France commits 30 million Covid-19 vaccine doses to Covax — Ramaphosa
In a bid to assist struggling African countries fight the deadly Covid-19 pandemic, President Cyril Ramaphosa on Friday announced that France has committed to contribute 30 million vaccine doses to the Covax facility.
“As African countries, we are immensely grateful to the government of France for its ongoing support of Africa’s vaccine acquisition. We welcome France’s recent contribution of an additional 30 million doses to Covax and 500 million euros in multilateral funds to buy diagnostics, therapeutics and vaccines,” said Ramaphosa.
He was speaking during a high-level dialogue on the future of vaccine manufacturing in Africa at the University of Pretoria shortly after holding bilateral talks with French President Emmanuel Macron.
Ramaphosa and his counterpart discussed various issues, including fighting the Covid-19 pandemic, climate change, global peace and security on the continent, and relations between the two countries.
Ramaphosa said Africa can no longer sit back and wait for Covid-19 vaccines.
“We cannot continue to wait in the queue for life-saving Covid-19 vaccines. The longer we wait the more lives are put at risk,” said Ramaphosa.
He said Africa’s response to the pandemic has been united, co-ordinated and comprehensive from the outset.
“We set up the ground-breaking African medical supplies platform to ensure that all countries in need have access to diagnostics, therapeutics and personal protective equipment.”
“Africa centres for disease control and prevention — the CDC — has also played an important role in the continental response, ensuring we can pool resources and expertise.”
Ramaphosa added: “Last year, we set up the African Vaccine Acquisition Task Team (AVATT) to secure vaccines for the continent. It has done excellent work through its engagements with the Covax facility and directly with vaccine manufacturers.”
To date, less than half of 1% of the continent’s population is fully vaccinated because access has been a challenge.
“Vaccines are flooding into upper-income countries but are trickling into Africa. This runs completely contrary to our aspirations to build a world founded on human rights for all. It also undermines the global effort to defeat this coronavirus; for as long as the virus continues to spread in one part of the world, it remains a threat to the whole world.”
Ramaphosa welcomed an undertaking to donate vaccines to low-income countries.
“We will also need the support of industry for investment, capacity-building, and intellectual property and technology transfer. I want to make a call to multinational pharmaceutical companies to reconsider their opposition to the TRIPS waiver.”
He said allowing all countries to manufacture their own vaccines is not about developed countries or pharmaceutical companies extending their largesse to SA. “This is a matter of social justice and human rights, the most important of them being the right to life. Vaccines are and must remain a public good.”

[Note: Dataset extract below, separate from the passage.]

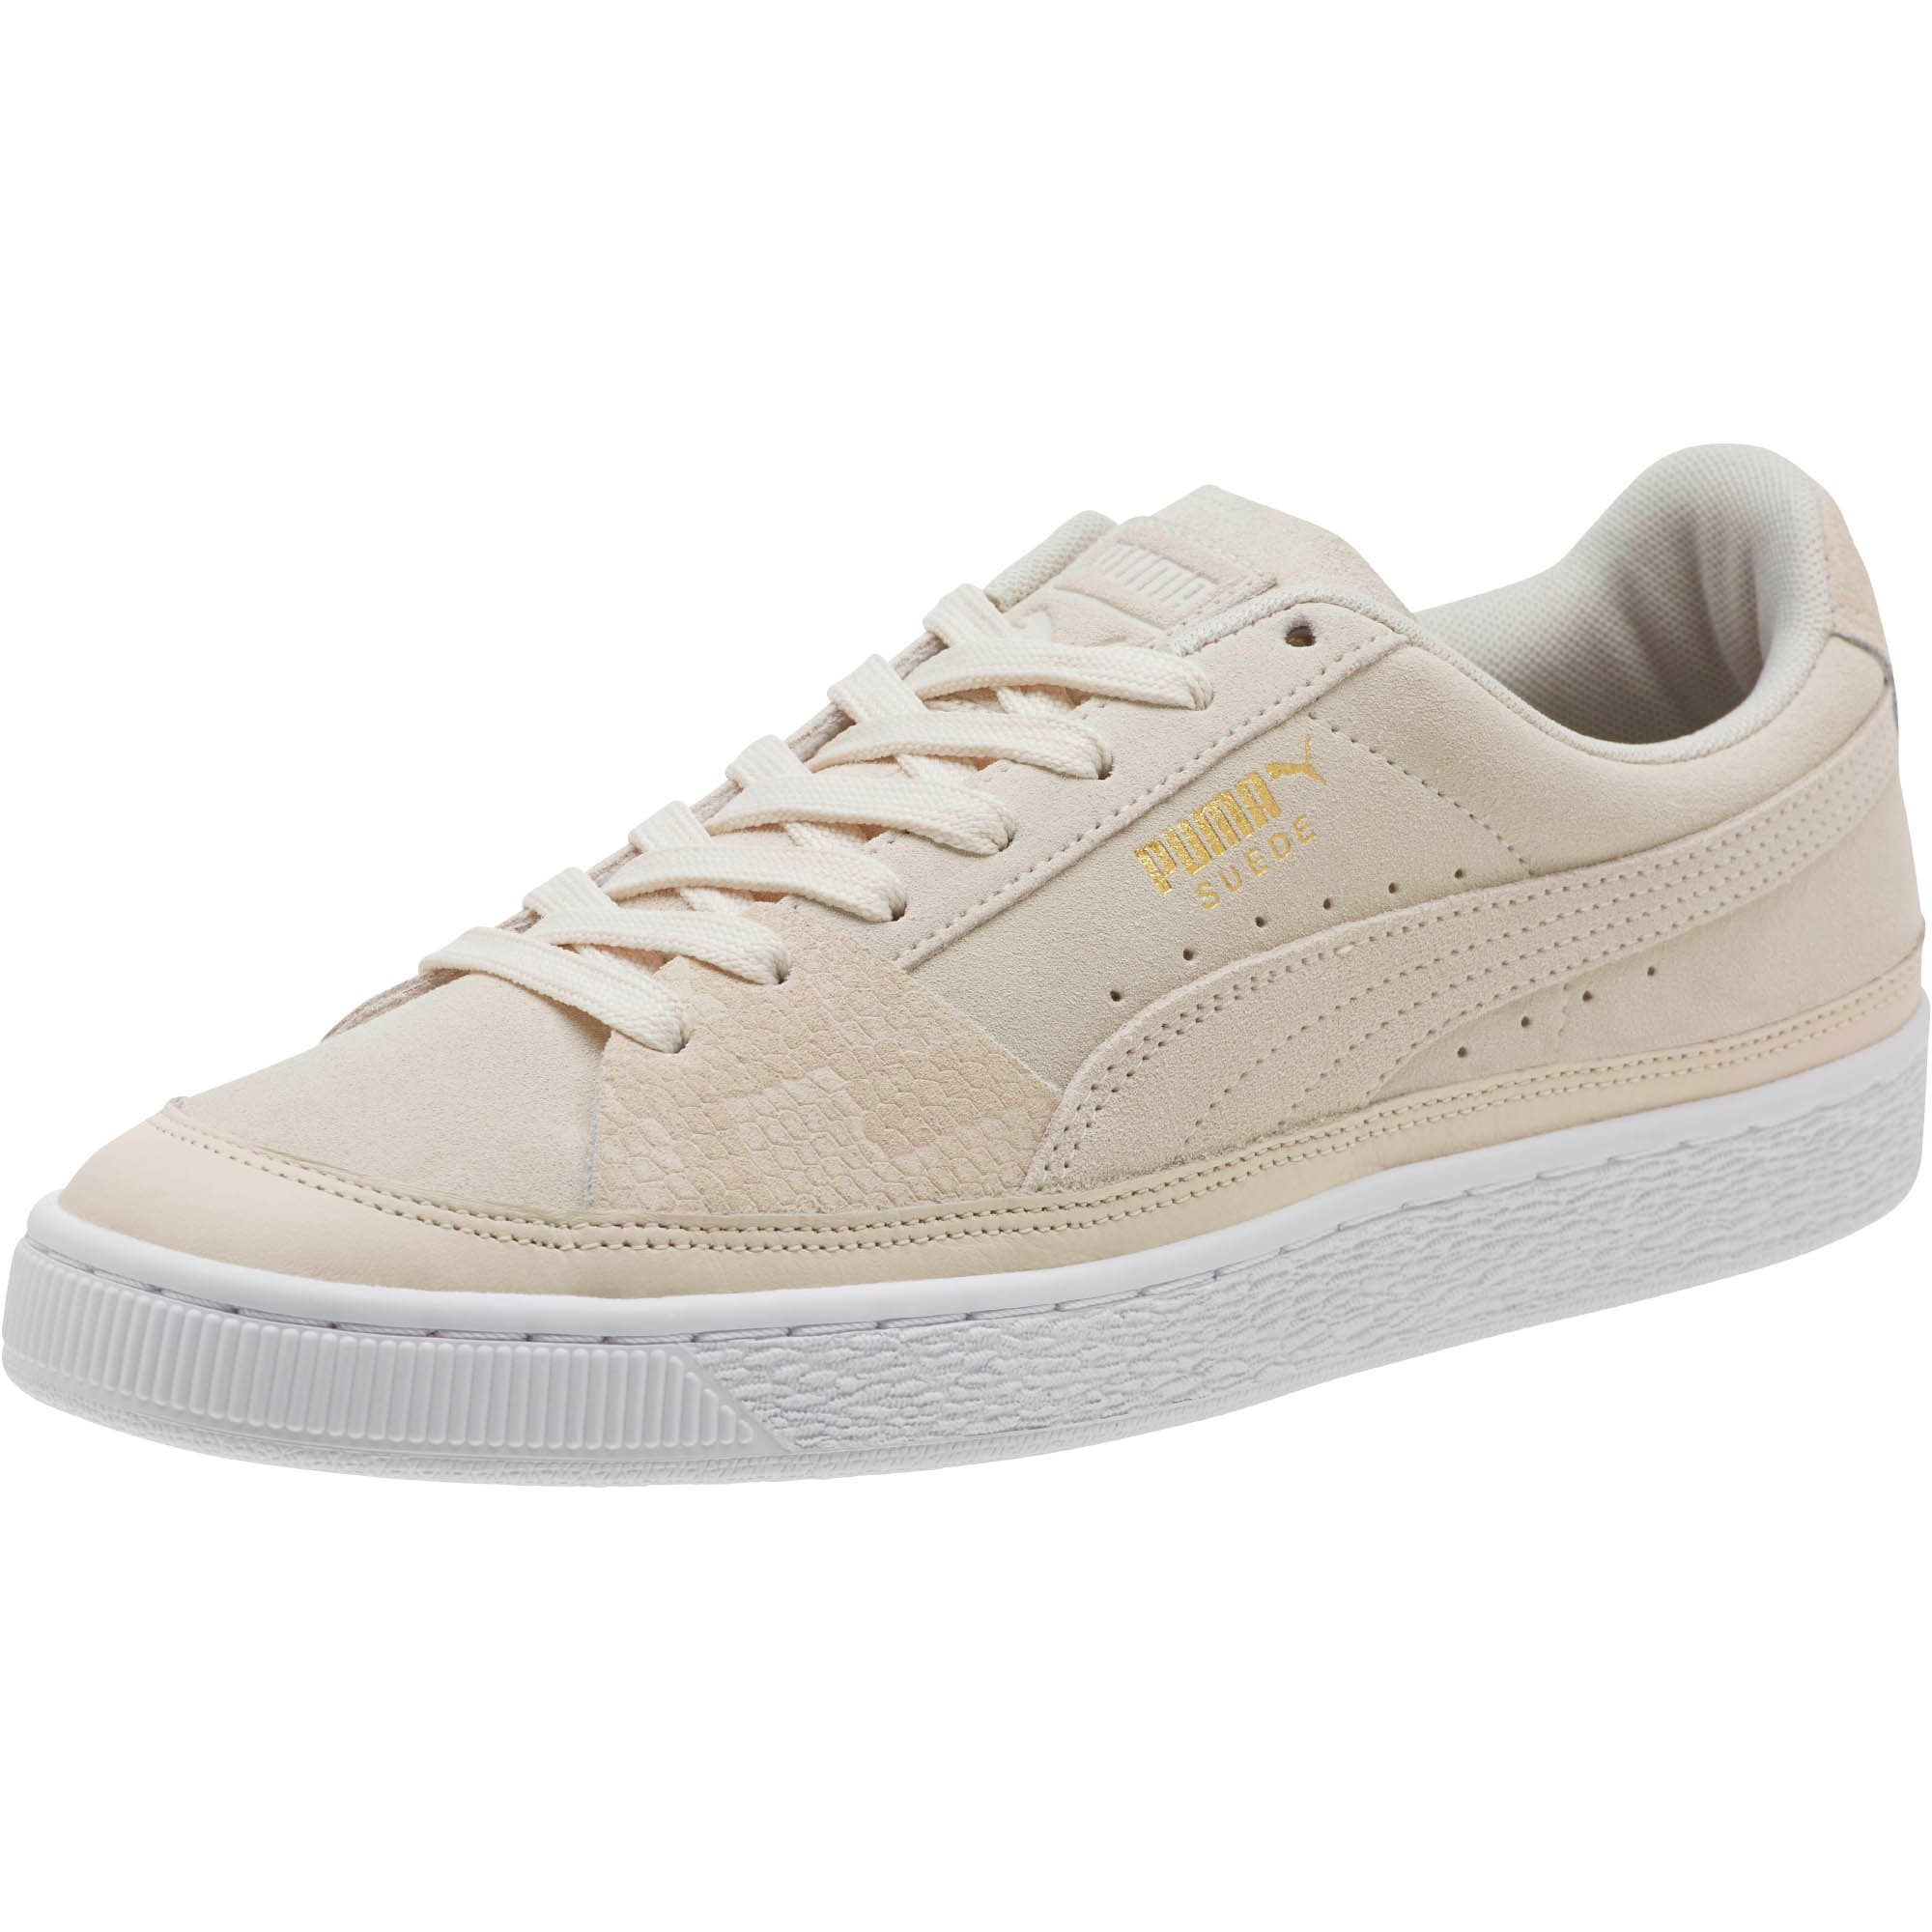 Thumbnail 1 of Suede Skate Premium Sneakers, Whisper White-Puma White, medium

Macron’s commitment and support for SA and African states to manufacture their own vaccines was welcomed.
“We are immensely encouraged by the French government’s support for SA’s science and innovation research in the form of expertise deployment, study scholarships, funding and tech transfer.

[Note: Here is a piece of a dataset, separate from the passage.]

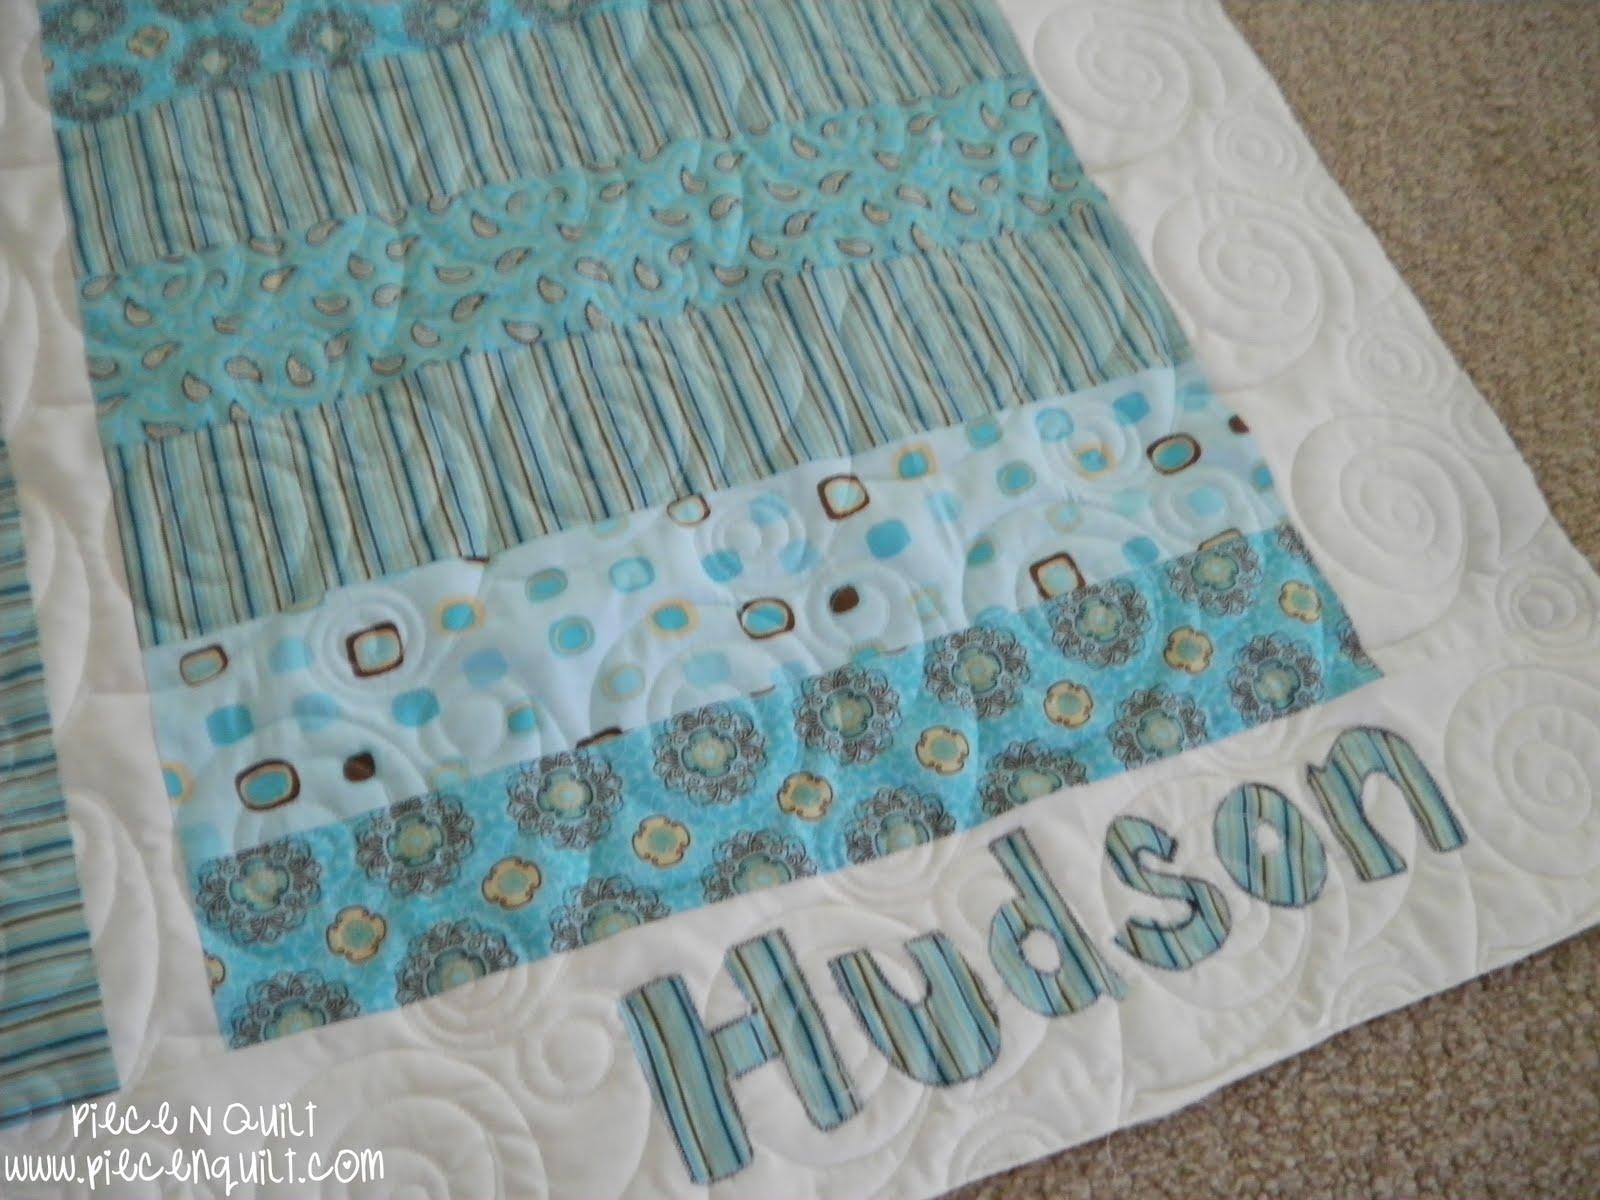 Piece N Quilt Baby Boy Quilts

“We are also encouraged by the most recent investment commitments by French companies, which will greatly boost our economy and create jobs. We also appreciate past investment pledges made by French companies at the annual SA Investment Conference,” Ramaphosa said.
He also thanked Germany for its support of this initiative to boost SA’s vaccine manufacturing capability.

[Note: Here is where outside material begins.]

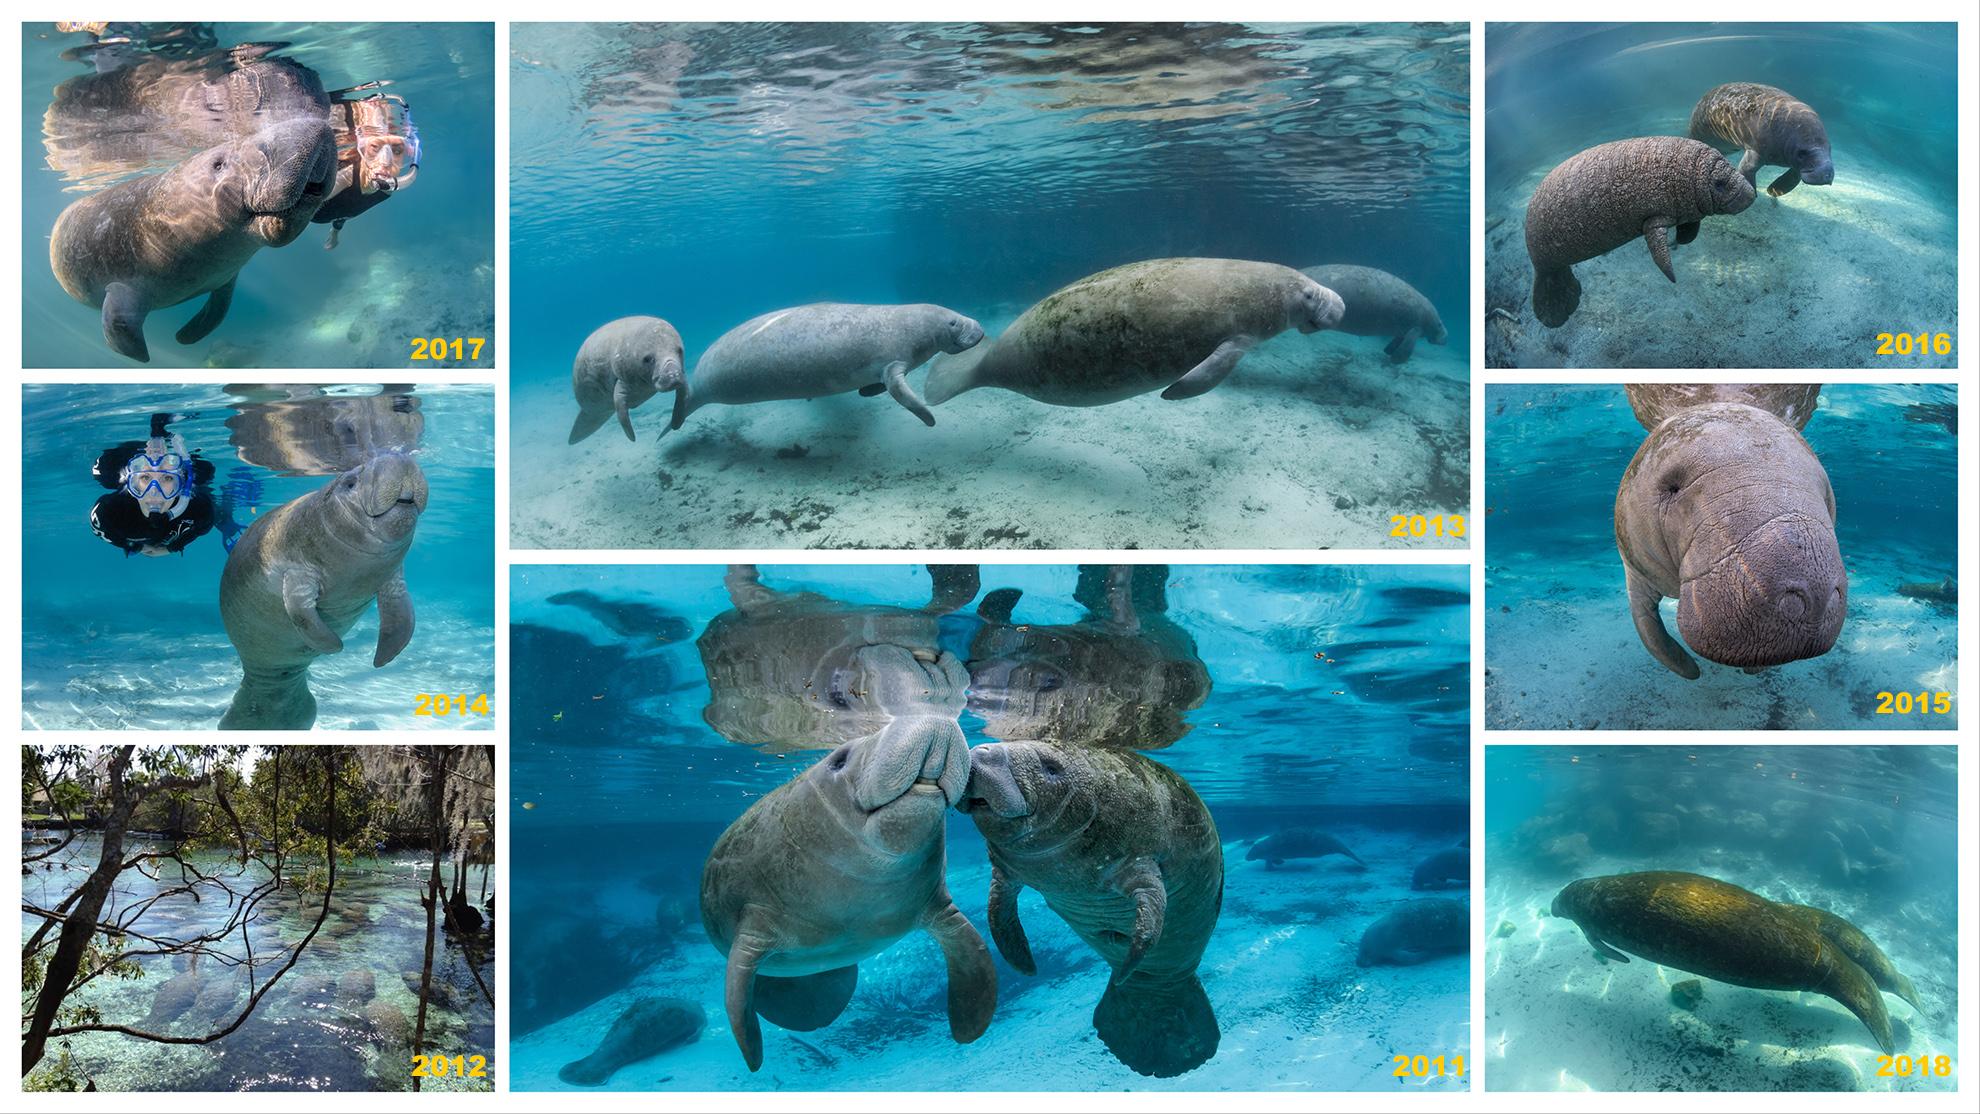 Bday manatees,©Carol Grant - oceangrant.com

Germany donated ventilators and medical equipment to SA’s National Institute for Communicable Diseases.
Earlier, Macron told the media during a press briefing outside the Union Buildings that it was important to “lift the hurdles” to allow Africa to manufacture its own vaccines as soon as possible.
France has committed to contributing 30 million vaccine doses by the end of 2021, with the aim of increasing the number at a later stage.
“When we talk about barriers, we need to have more transparency. We are paying and giving a lot of money to many structures but we do not know how much is being paid to buy these vaccines. We suspect that the poorest are paying the highest price,” Macron said.
He added that, “In our system we also want responsibility and transparency in all international mechanisms for the prices.”
During the engagement, CAPRISA’s Prof Quarraisha Abdool Karim said various lessons could be learnt from countries that secured vaccines through local manufacturing, the first being the importance of government leadership and political commitment.
“Another is the long-term investment in science and technology, especially in vaccine manufacturing infrastructure and facilities, the value of private-public partnerships and long term investments in training scientists, technicians and engineers for the high level technical expertise required to run vaccine manufacturing facilities.”
Abdool Karim added that it was also critical to collaborate with other countries and continents.
CEO of the SA Health Products Regulatory Authority (Sahpra) Dr Boitumelo Semete-Makotlela said her organisation will be playing a critical role in monitoring vaccines and has developed an app to report any safety related issues to the organisation.
“These harmonised mechanisms enable a number of aspects including joint evaluation process to rely and share each other’s work but what is important for us as a continent is to build capacity for us to be able to efficiently access these regulatory processes.”
Dr Morena Makhoana, who is the CEO of the Biovac Institute, said private-public partnerships were crucial and the pandemic showed that Africa has the capability to manufacture its own vaccines.